Hi kedro community, First of all thanks for the gr...
# advanced-need-help
u
Hi kedro community, First of all thanks for the great tool! I am playing around with the deployment options, in particular the Prefect deployment. I noticed that when using the
register_flow.py
script, the datasets in the catalog object are named as in the file. However, in the Nodes the input and output datasets are namespaced. Therefore, when running that flow it will create only memory datasets because it will assume all the datasets don't exist in the catalog. Now if I change the
register_flow.py
so that it does not create MemoryDatasets for everything, the
run_node
function does not work as the input and catalog name don't match up and the save/load functions don't work anymore (it tries loading a namespaced dataset that it can't find in the catalog). Is there a way to obtain either a namespaced catalog or a pipeline object where the inputs/outputs of the nodes are not namespaced so that the
run_node
function works properly? 🙂
d
Hell could you post the error? In truth our Prefect docs are a little out of date and predate a lot of namespacing work so we would really appreciate some help getting them up to date
u
Sure happy to help. Actually after looking into it a bit more I think the root cause is the kedro version and the spaceflight starter. (in kedro version
0.17.6
it all works) The catalog for spaceflight starter for version 0.17.7 does not include the additional
data_science
and
data_processing
namespaces. e.g.:
preprocessed_companies
instead of
data_processing.preprocessed_companies
Therefore, only MemoryDatasets are ever used when running either the prefect workflow or the normal kedro run. Is that how it is supposed to be? This layering could get a bit intricate
d
So there is a couple of points here (which as a maintainer group, we're still thinking through)
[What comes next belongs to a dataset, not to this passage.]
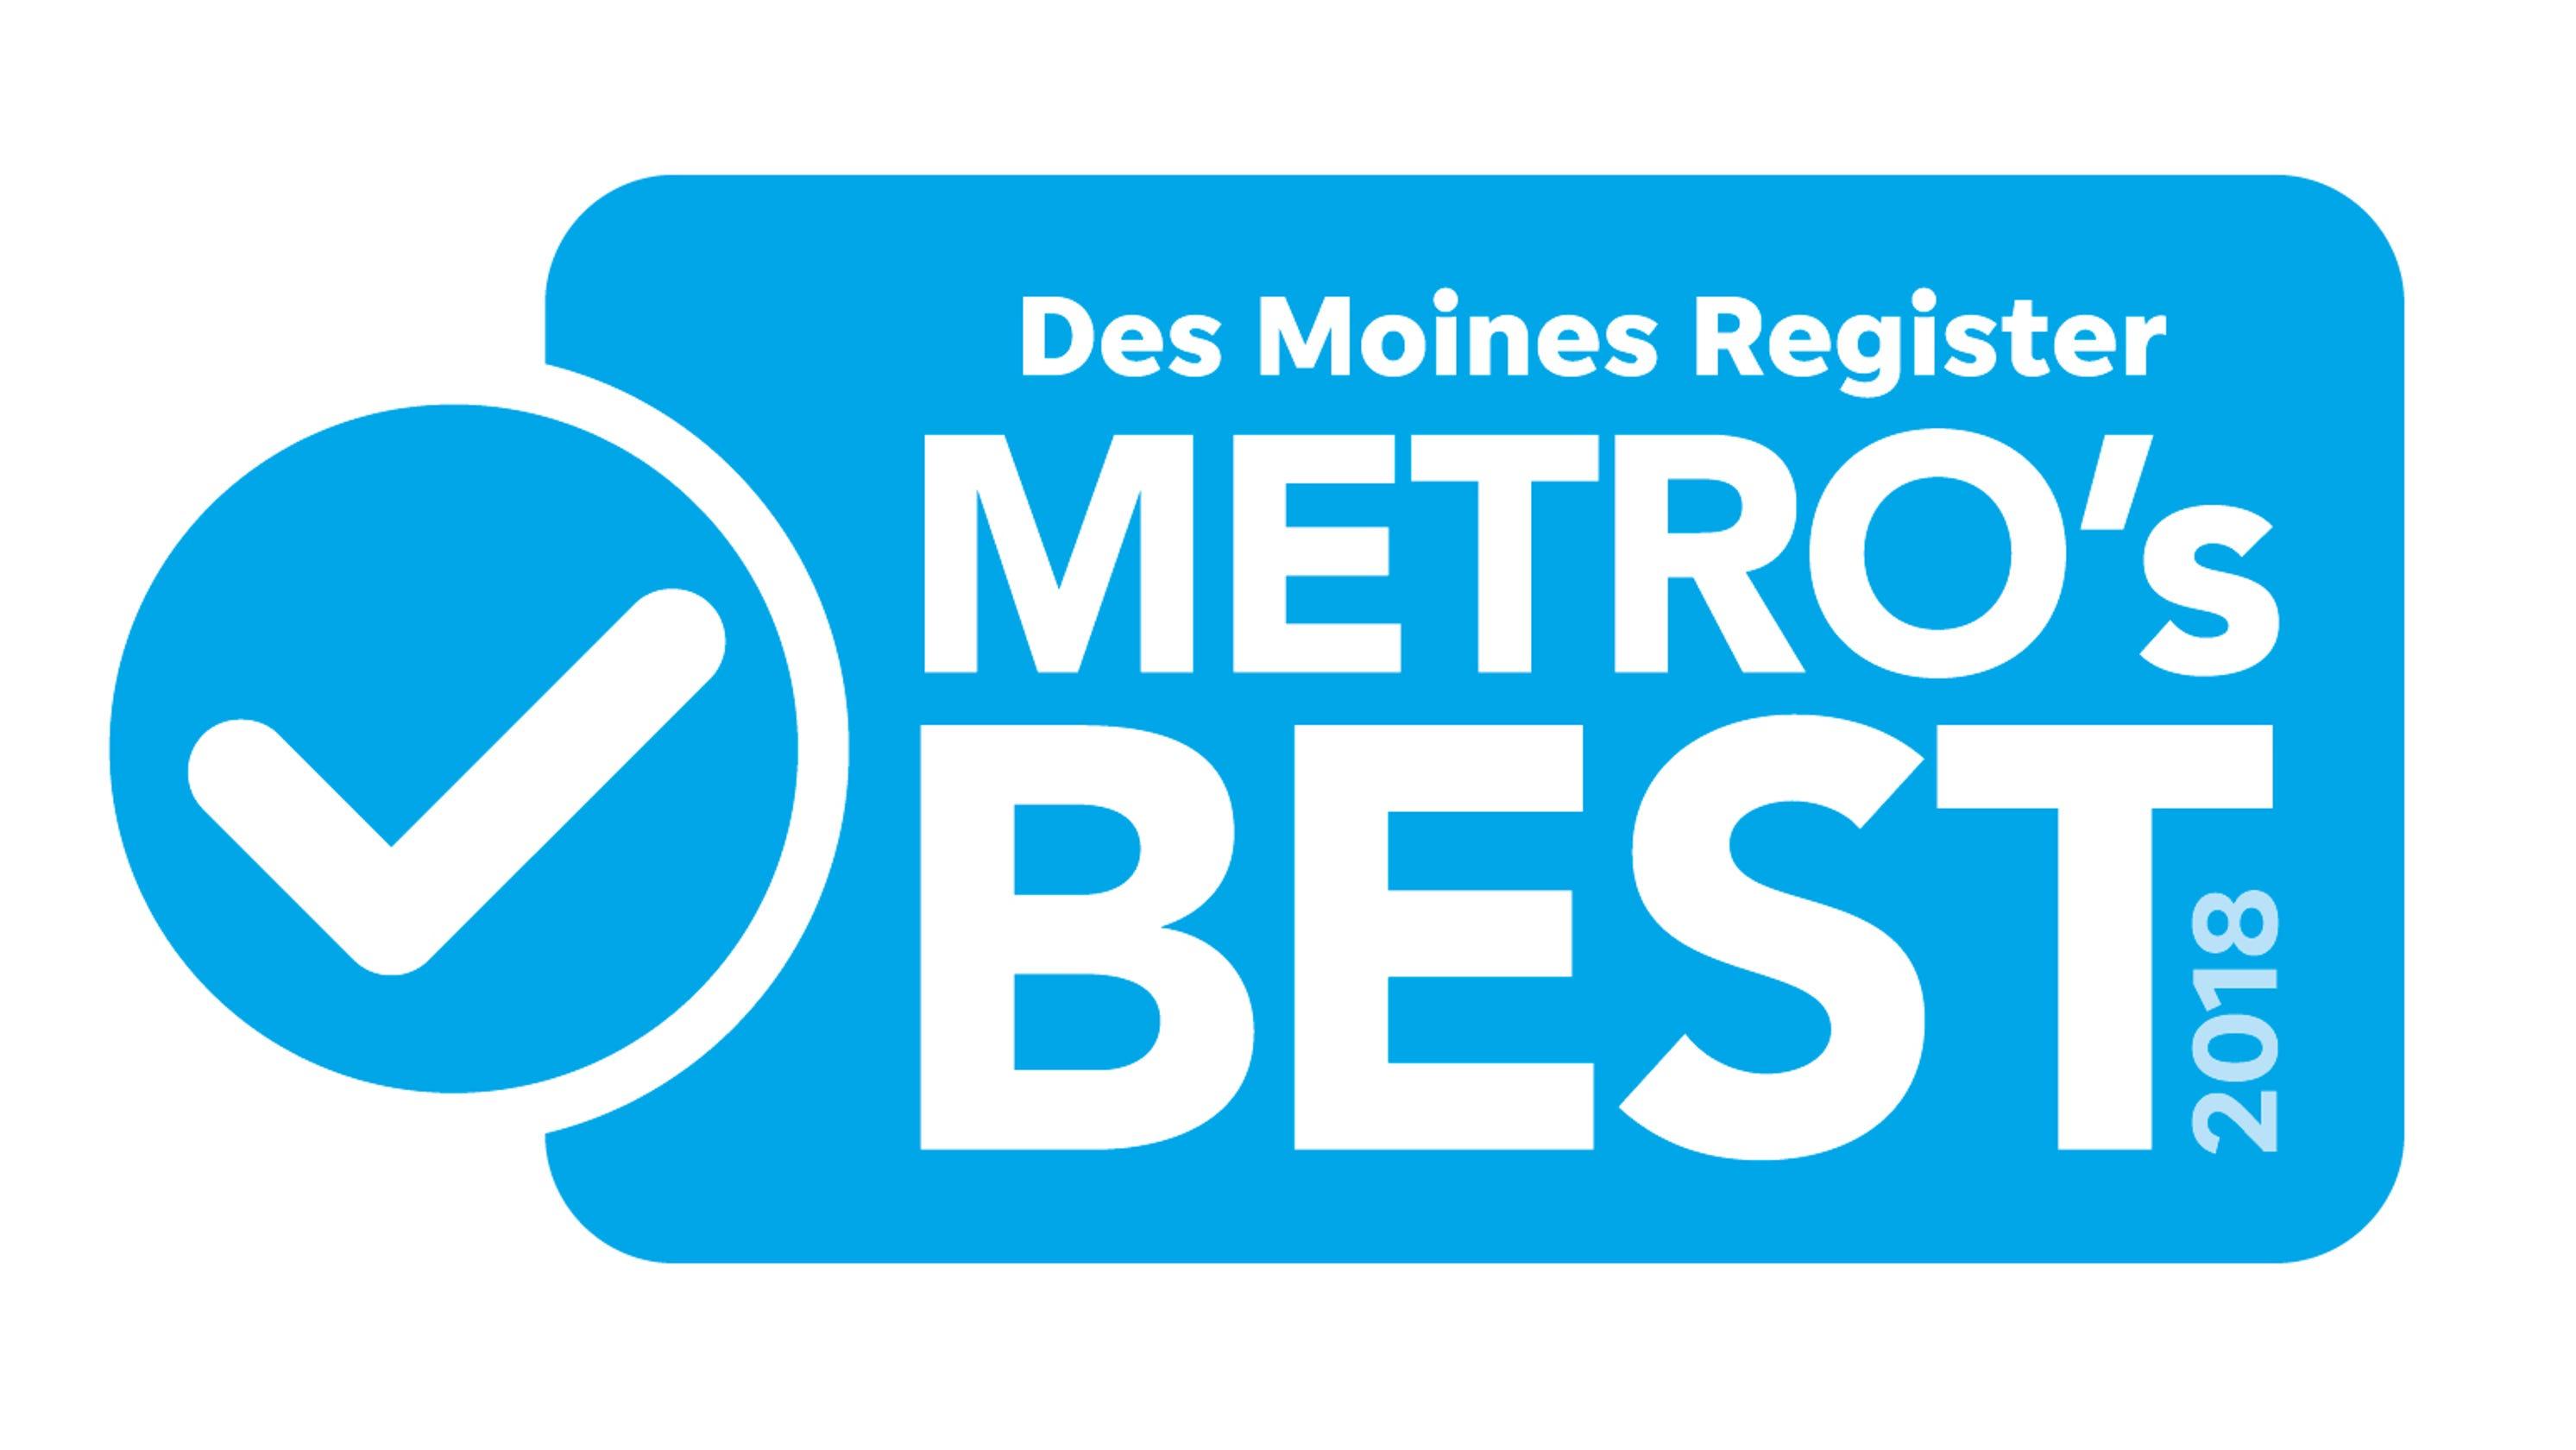 2018 Des Moines Register Metro S Best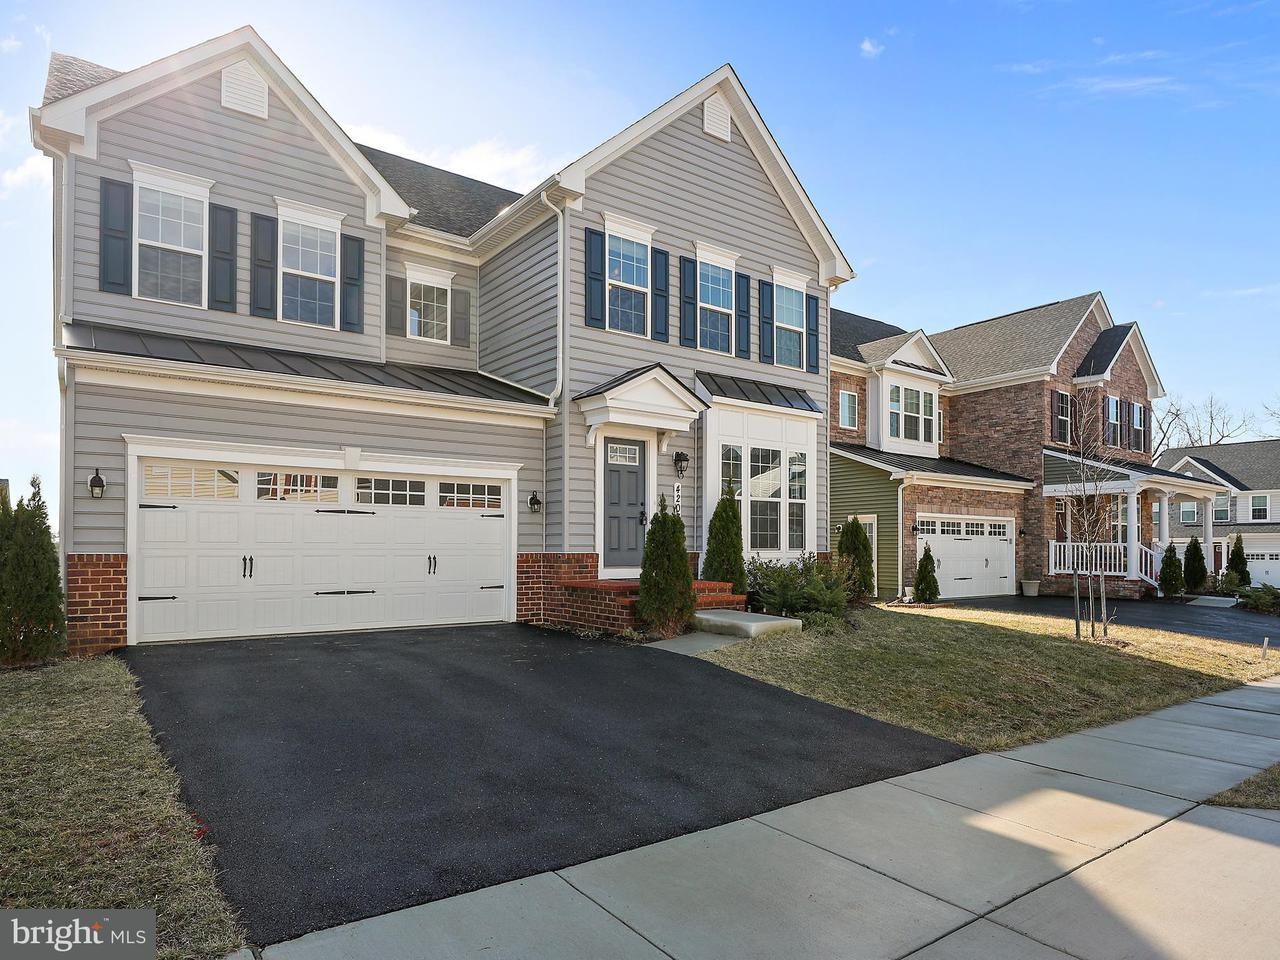 Μονοκατοικία για την Πώληση στο 4203 Camberwell Lane 4203 Camberwell Lane Burtonsville, Μεριλαντ 20866 Ηνωμενεσ Πολιτειεσ

the advantage of memory datasets is that they dont require IO and you can keep things running efficiently that way
the easiest way to solve this is to simply provide catalog entries for everything and then persist them
@User do you have any thoughts here?
a
Let me take a look at the Prefect docs - this should be easy to provide a quick fix for
f
Again it is now working with prefect
It's the fact that the spaceflight starter did not have entires in the catalog for certain datasets. My renaming fix in code for the namespace led to a missmatch between catalog/pipelines which caused an error. By providing properly namespaced entries in the catalog it all works now (including the prefect tutorial)
@User
d
So yeah persisting everything (i.e. providing catalog entries for everything) will fix this sort of thing
but in the future we want to make it work both ways
f
I initially did not see the data_science and data_processing name spaces so fixed it myself in code in the prefect tutorial which clearly did not work. Sorry for the confusion.
d
ah nice!
Is there anything we can do to improve the Prefect docs?
they need a bit of love and you're the second person to talk about them in the last few weeks
f
I'm playing around with them atm together with mlflow and kedro-mlflow. Let me get back to you once I have a good feeling
a
Hi Florian, noticed your question with prefect. As a heads-up wanted to mention that one of the users highlighted that the approach doesn't work well when using versioned dataset. If needed, you can find an alternate solution in the archived prefect-versioned-datasets thread in the #846330075535769601 channel.